DATA SEGMENT:
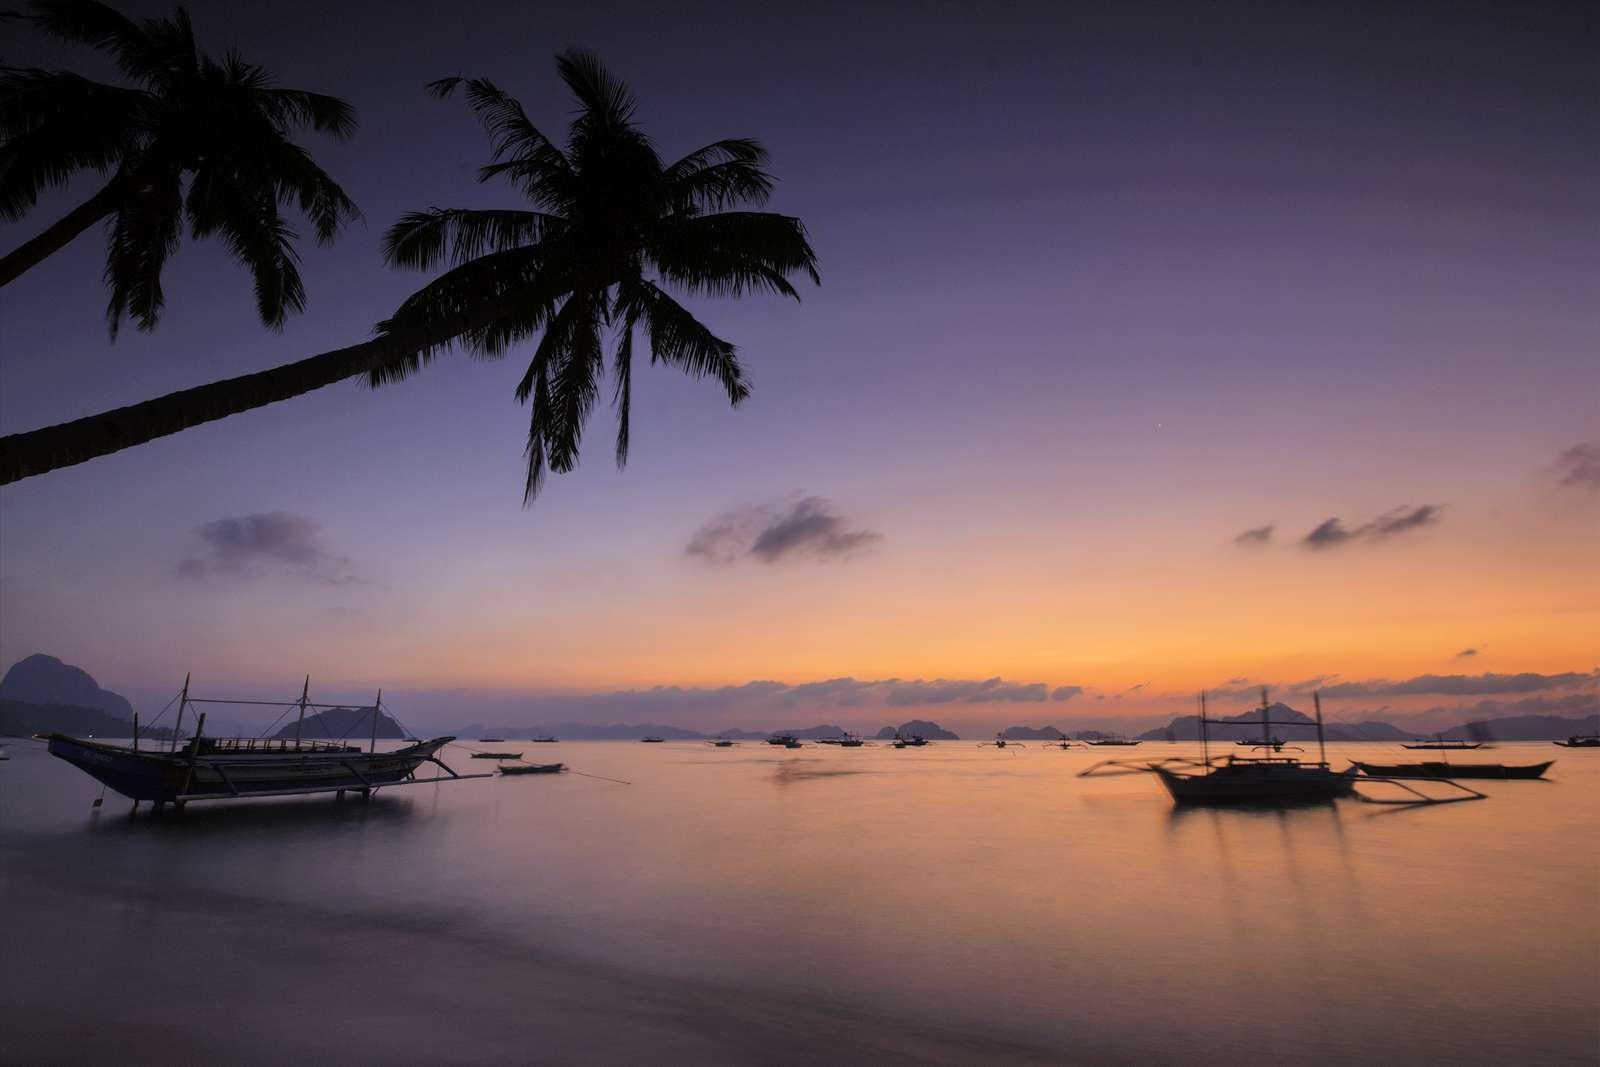 Corong Corong Beach at sunset, El Nido
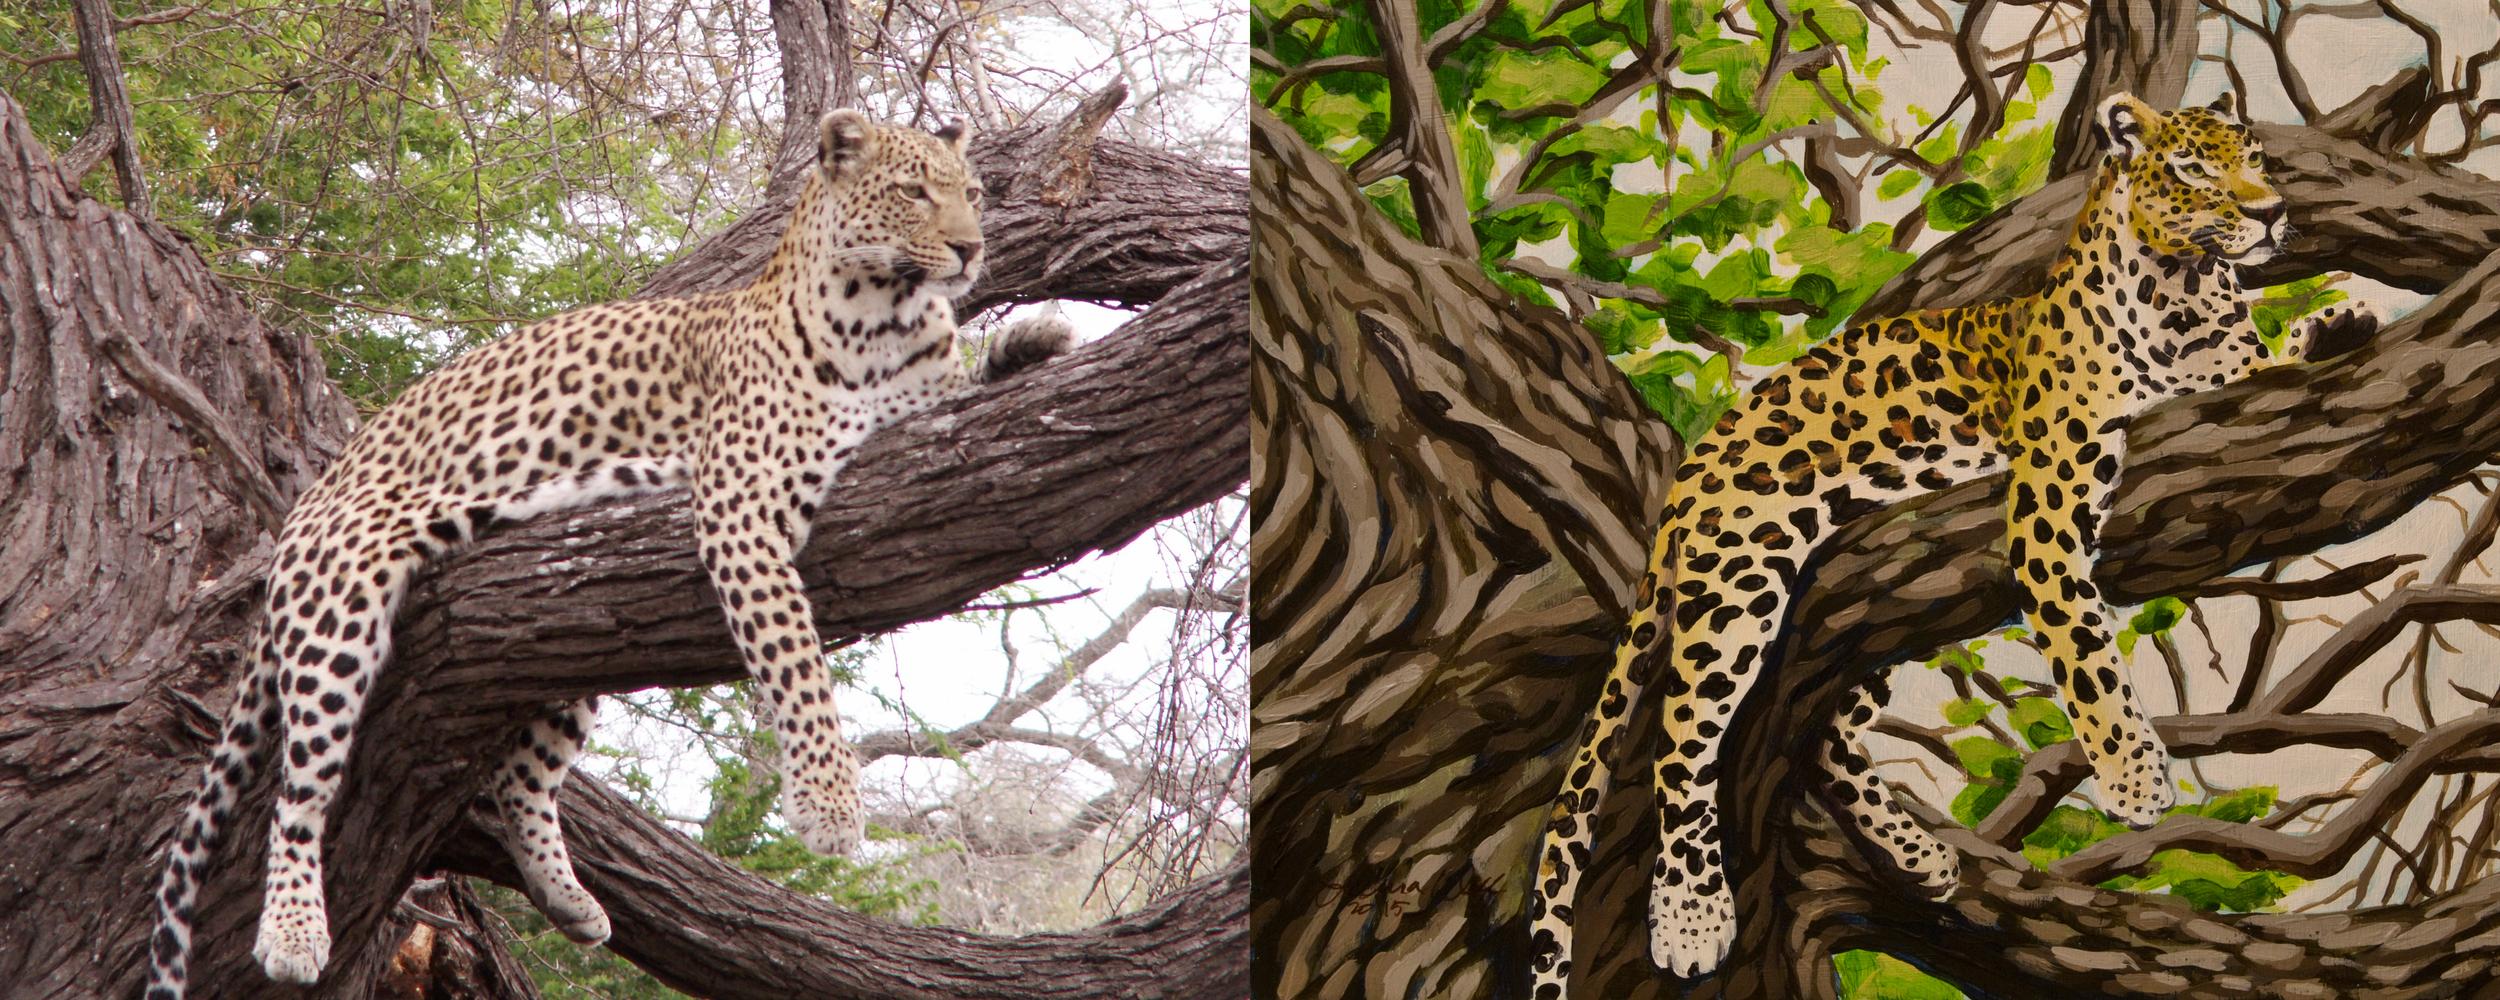 Leopard, for Sarah Widman
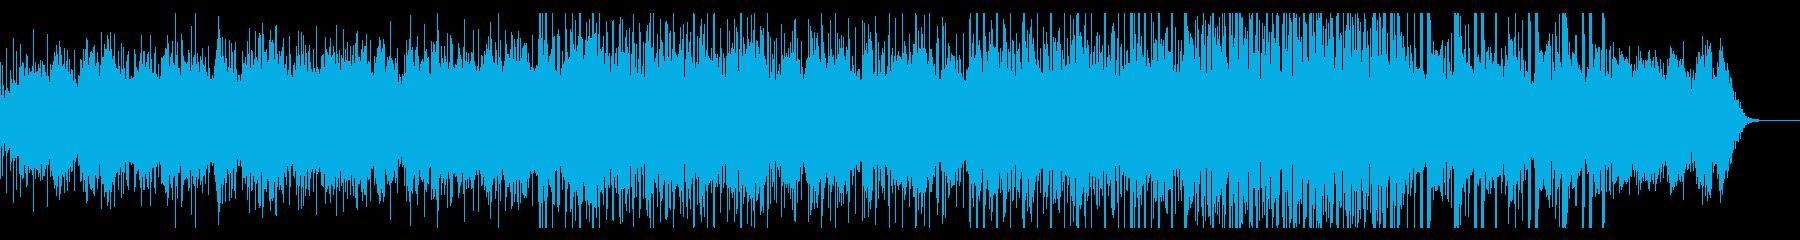 明るめのグリッジギターアンビエントの再生済みの波形

YOUR ASSIGNMENT:
Could you write out exactly the lines from the line containing "Leopard, for Sarah Widman" to the end of the material, and nothing else? No pictures belong in the copy.

EXERCISE ANSWER:
 Leopard, for Sarah Widman
 明るめのグリッジギターアンビエントの再生済みの波形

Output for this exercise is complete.